Today’s fast-changing projects call for managers to be highly responsive to the unexpected — those surprises that can alter the course of a well-laid plan

The “old school” approach was to emphasize control as adherence to plan — much like using a thermostat: a point is set; then, by measuring the temperature, the heat is turned on or off, maintaining the pre-determined standard. It’s simple and stable. But projects rarely are. In today’s fast-changing world, a more suitable metaphor for project control would be coaching. A coach would hardly be effective if he was isolated in the locker room, receiving statistics via a monitor — he needs to see the game in order to guide his team.

While it may not be possible to eliminate uncertainty, you can anticipate many of its surprises before they occur, and hence lessen their impact.
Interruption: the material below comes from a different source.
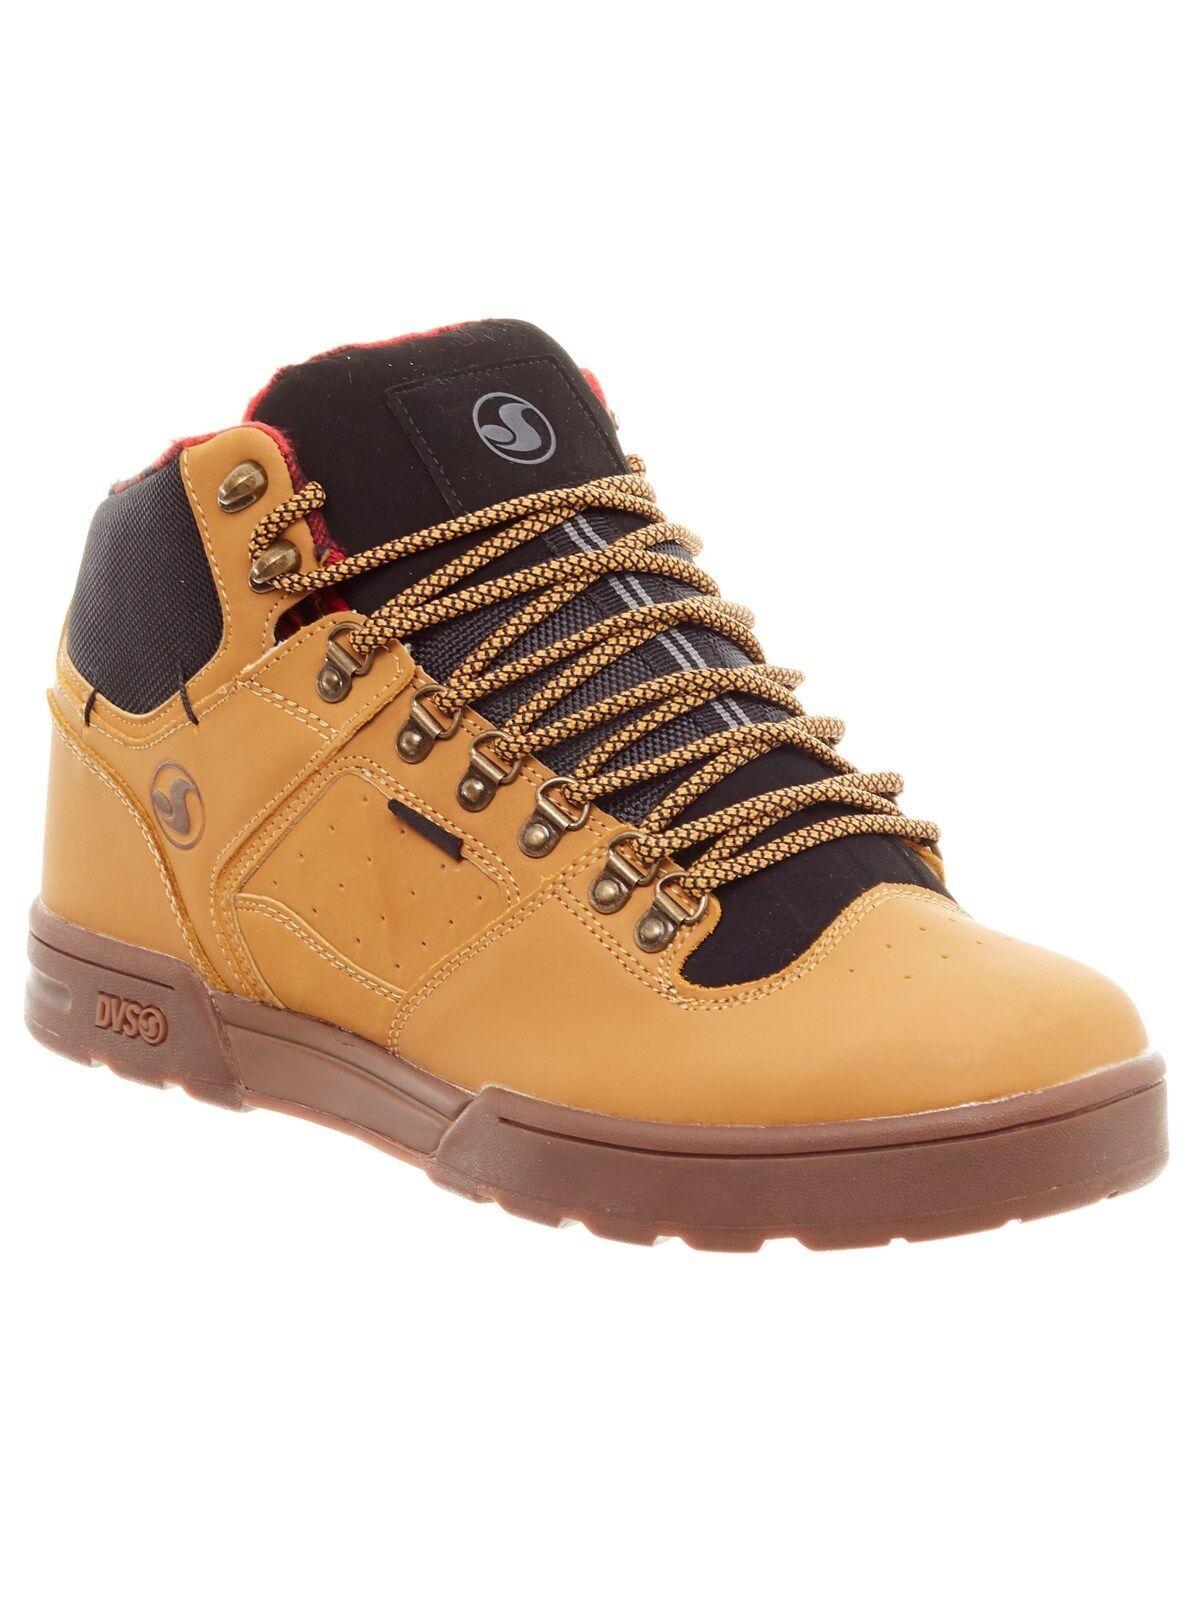 DVS Westridge Chamois Nubuck Leather botas zapatos

Project managers must review formal reports — as well as “move about” during the progress of a project. I call this “systematic monitoring,” a two-step process of evaluating critical planning assumptions and providing timely feedback for continuous planning.
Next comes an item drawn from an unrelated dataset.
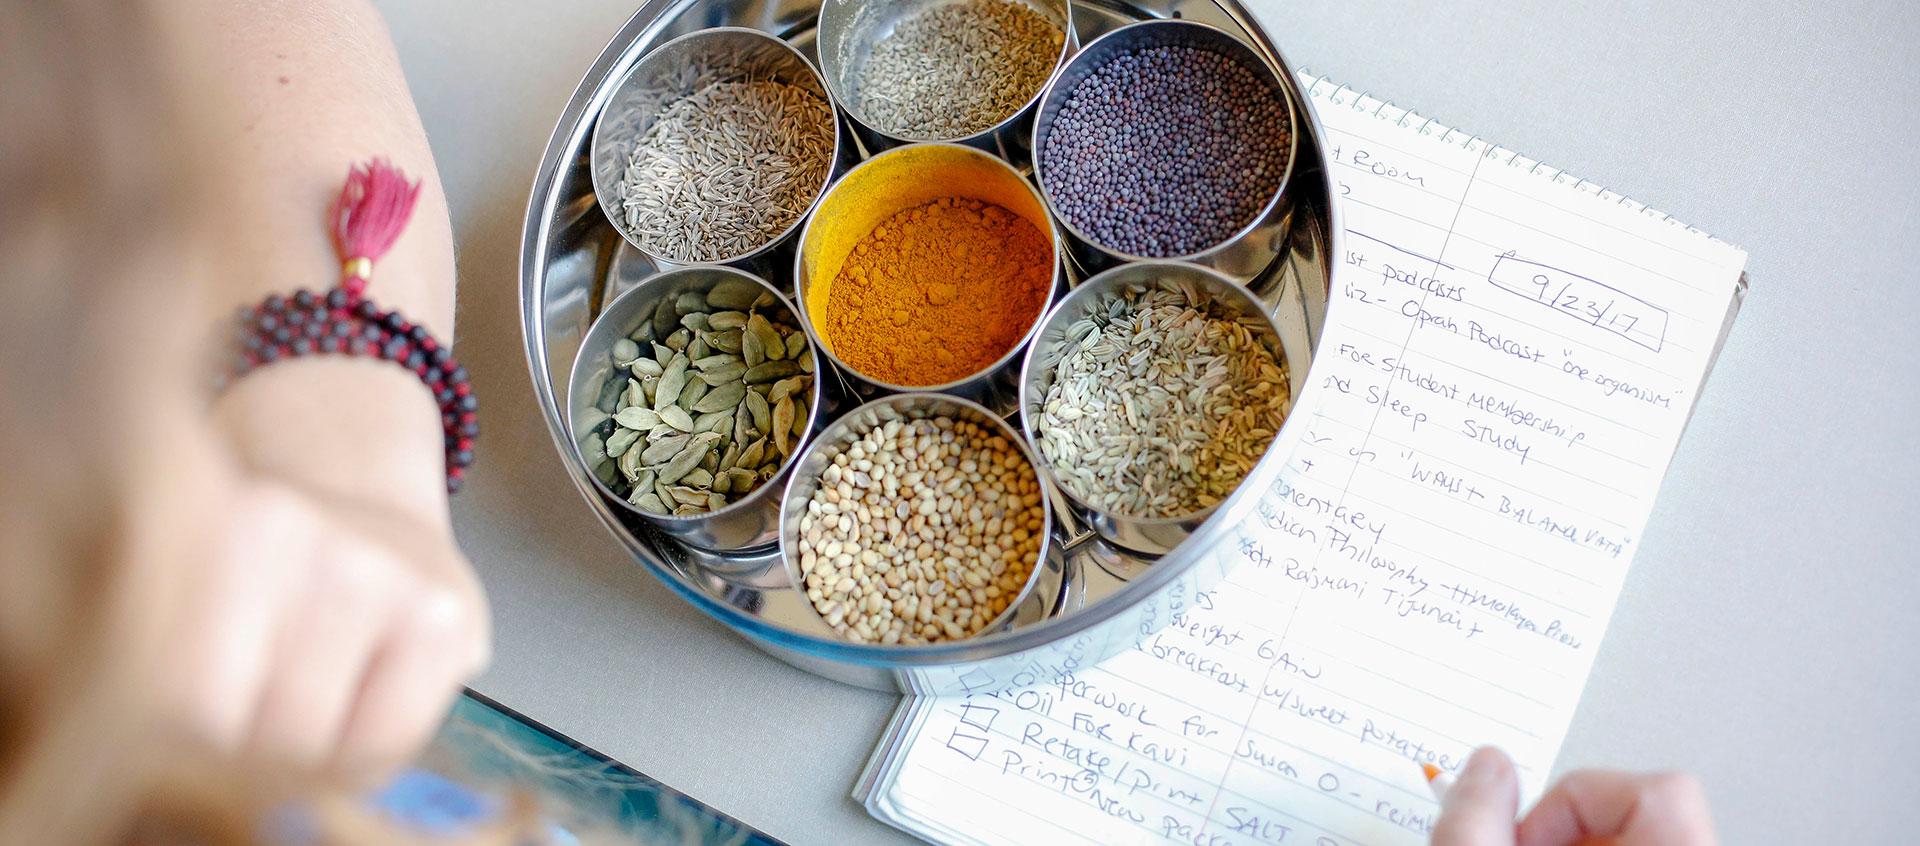 What Does an Ayurvedic Health Counselor Do? | Kripalu

The following 15 rules for systematic monitoring are taken from Ninety-Nine Rules for Managing ‘Faster, Better, Cheaper’ Projects ( PDF 150 Kb).

  1. Identifying a small problem is difficult; correcting it is easy. Identifying a big problem is easy; correcting it is difficult.
  2. Dynamic environments require monitoring the validity and achievement of objectives (effectiveness), and the utilization of the means (efficiency).
  3. In unsuccessful projects, there is never enough time to do things right, but there’s always time to do them over.
  4. Management systems don’t control projects. People do, helped by management systems.
  5. Only team members directly responsible for project implementation can control projects.
  6. What is yet to come can be controlled. Last week’s performance is relevant to the project team only when it helps them decide how to do next week’s work better.
  7. More paperwork does not ensure more reliable or accurate information — and it only seems that more measurement and reporting means better control.
  8. Excessive control often “encourages” employees to distort data or develop aberrant practices to suppress critical information in fear of management reprisal. This, in turn, provokes even greater management suspicion and scrutiny.
  9. Successful teams know that effective project control does not result from reviewing and analyzing performance reports, but rather by carrying out effective front-end planning.
  10. Managers who stay in one place are forced to make complex judgments with incomplete cues.
  11. Master project managers control the project by employing formal performance reports and by moving about.
  12. Moving about contributes not only to “understanding,” but also to “influencing” project control; plus, it allows project leaders a natural, subtle, and timely influence on project activities.
  13. When uncertainty is low, control is best implemented by measuring performance and then by taking corrective steps to adjust performance to the plan. As project uncertainty increases, control is less of a “governor” of execution, and more of a data collection function for continuous planning.
  14. In uncertain conditions, “control” should provide feedback for planning, and thus its emphasis should be on looking ahead with anticipation rather than looking back with justification.
  15. When uncertainty is high, the best way to control the project is by selecting adaptable and responsive people.